This thread is nuts.

My personal view is that the only way to protect this individuals that aren't aware or mature enough to give consent is to have a blanket age.

Realistically it's not possible for every single young person to be vetted to see if they can be deemed mature enough to give consent.

Over the years I've known 14 year olds that have been shagging for Britain, and I also know 18 year olds who I doubt know what shagging is.

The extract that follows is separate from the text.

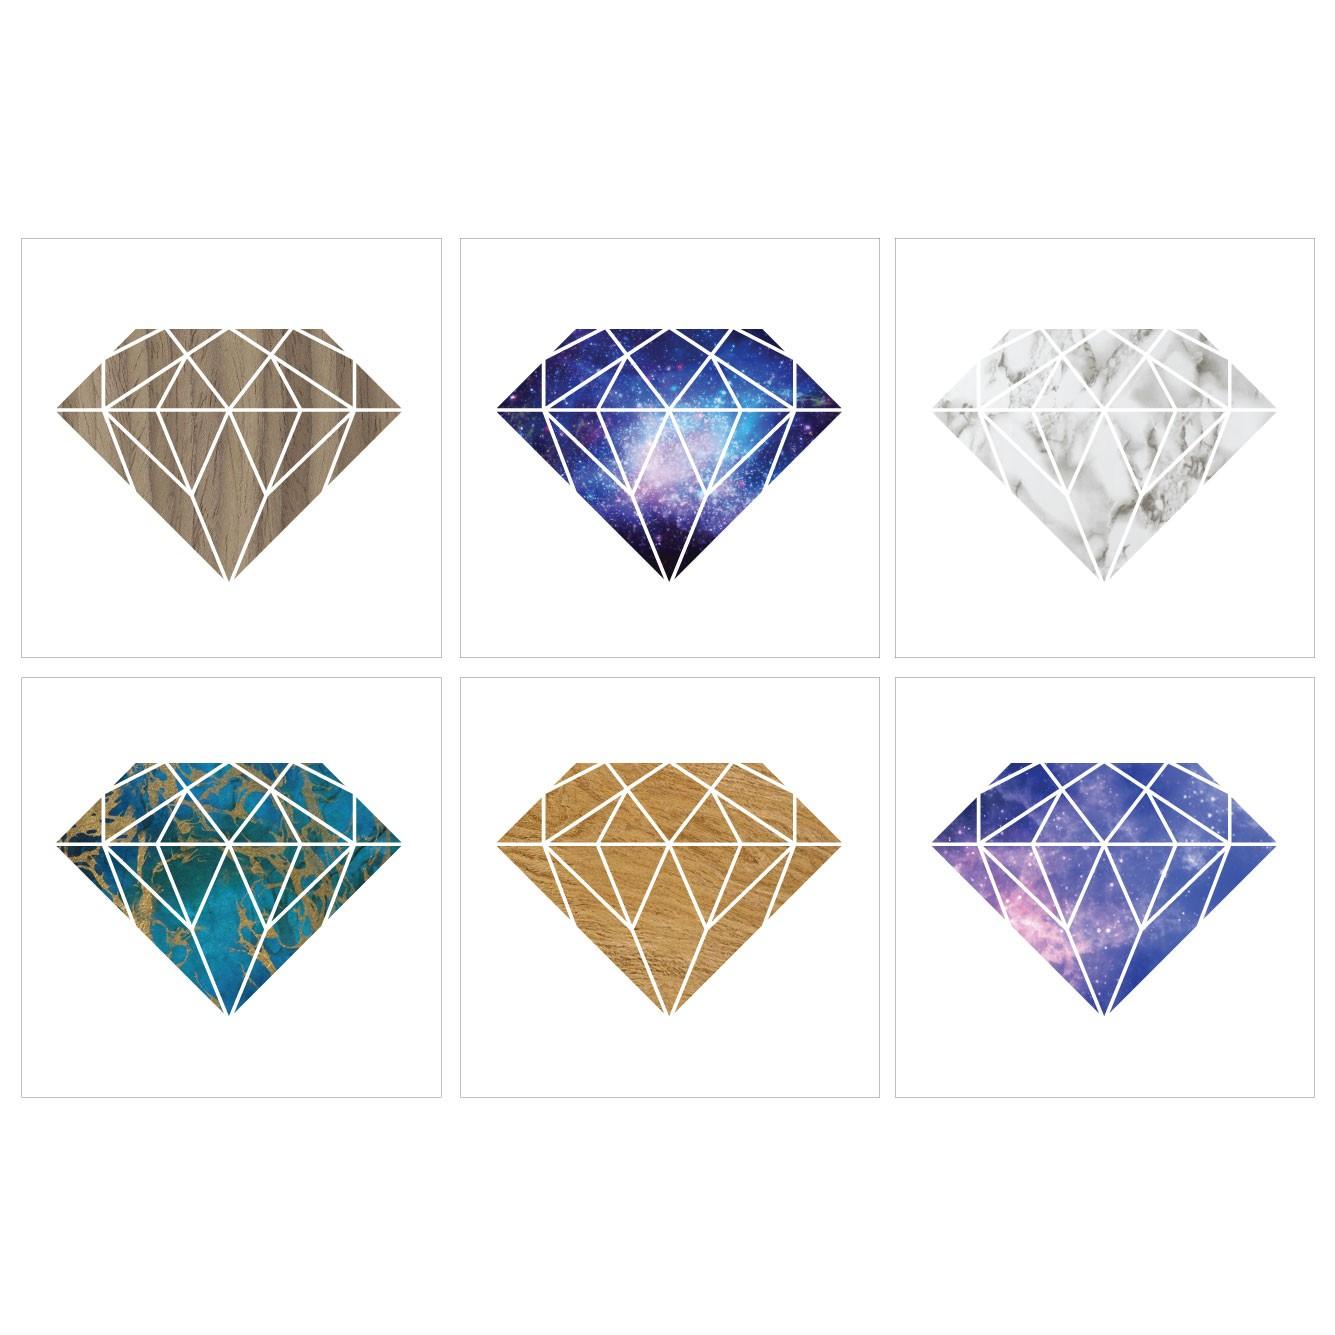 Kakeldekor 6st, Diamant

I've had a 15 yr old recently want me to visit her and not in just a friendy way, but I couldn't because the age put me off.. THE only reason was that she wasn't 16 yet. But I'd bet my bottom dollar that in a few months when she is 16 I wouldn't think twice.

(I am only 19 by the way)


----------



## Prodiver (Nov 14, 2008)

JoeyRamone said:


> Its alright saying that logic dictates there should not be a blanket age limit but have you actually considered its application in the courts?
> 
> Practicality means 100% an age limit is required. Otherwise a child will be on trial much the same a rape victim is when her consent is questioned.
> 
> Children do not have the same abilities of analytical thought as adults do. You cannot assume these children who may be externally adult in their behaviour have the intelligence of an adult.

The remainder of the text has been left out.